AMD Strix Halo Llama.cpp Installation Guide for Fedora 42

This guide walks you through setting up LLM inference on AMD Ryzen AI Max “Strix Halo” integrated GPUs using Fedora 42.

Prerequisites

Fresh Fedora 42 installation
AMD Ryzen AI Max processor (Strix Halo)
At least 128 GB RAM recommended for large models
Internet connection

Step 1: Configure Kernel Parameters

These parameters enable unified memory and optimal GPU performance.

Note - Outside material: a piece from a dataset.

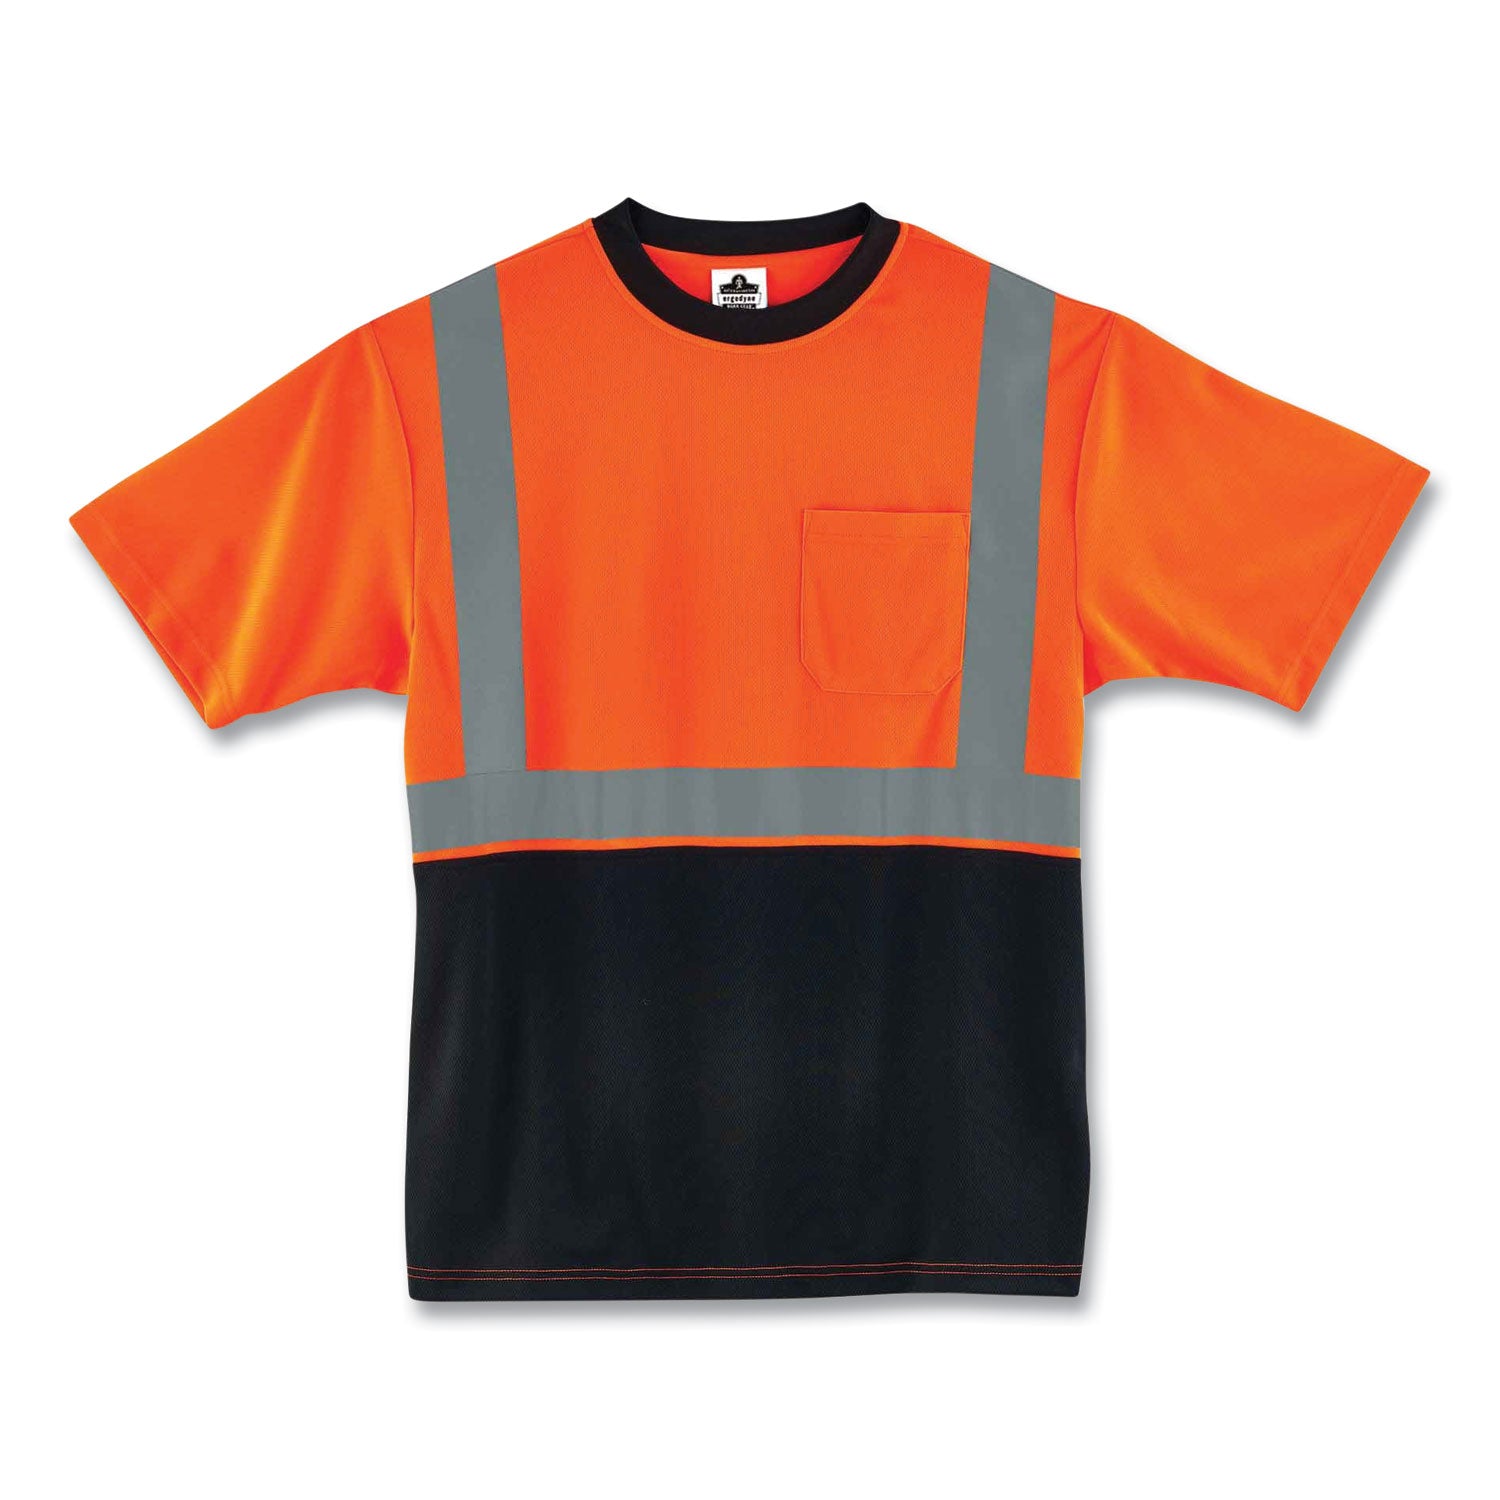 glowear-8289bk-class-2-hi-vis-t-shirt-with-black-bottom-medium-orange-ships-in-1-3-business-days_ego22513 - 1
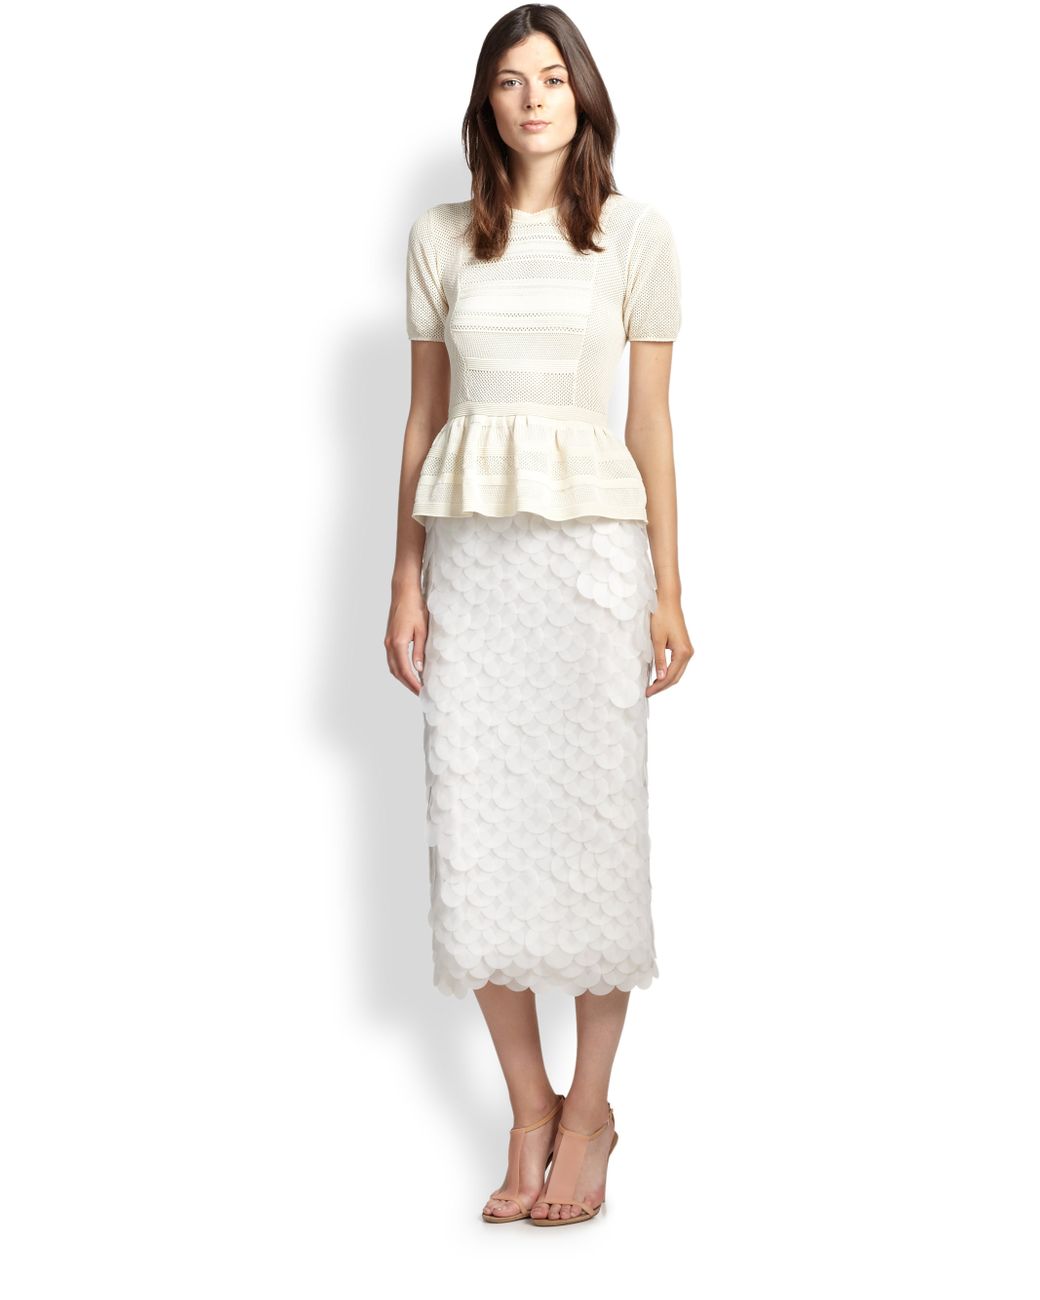 Burberry Prorsum Sequin Scallop Pencil Skirt in White | Lyst

1.1 Add Kernel Parameters Using grubby

Fedora 42 uses grubby to manage kernel parameters. Run this single command:

sudo grubby --update-kernel=ALL --args='amd_iommu=off amdgpu.gttsize=131072 ttm.pages_limit=33554432'

What these parameters do:

amd_iommu=off - Disables IOMMU for lower latency
amdgpu.gttsize=131072 - Enables unified GPU/system memory (128 GiB)
ttm.pages_limit=33554432 - Allows large pinned memory allocations (128 GiB)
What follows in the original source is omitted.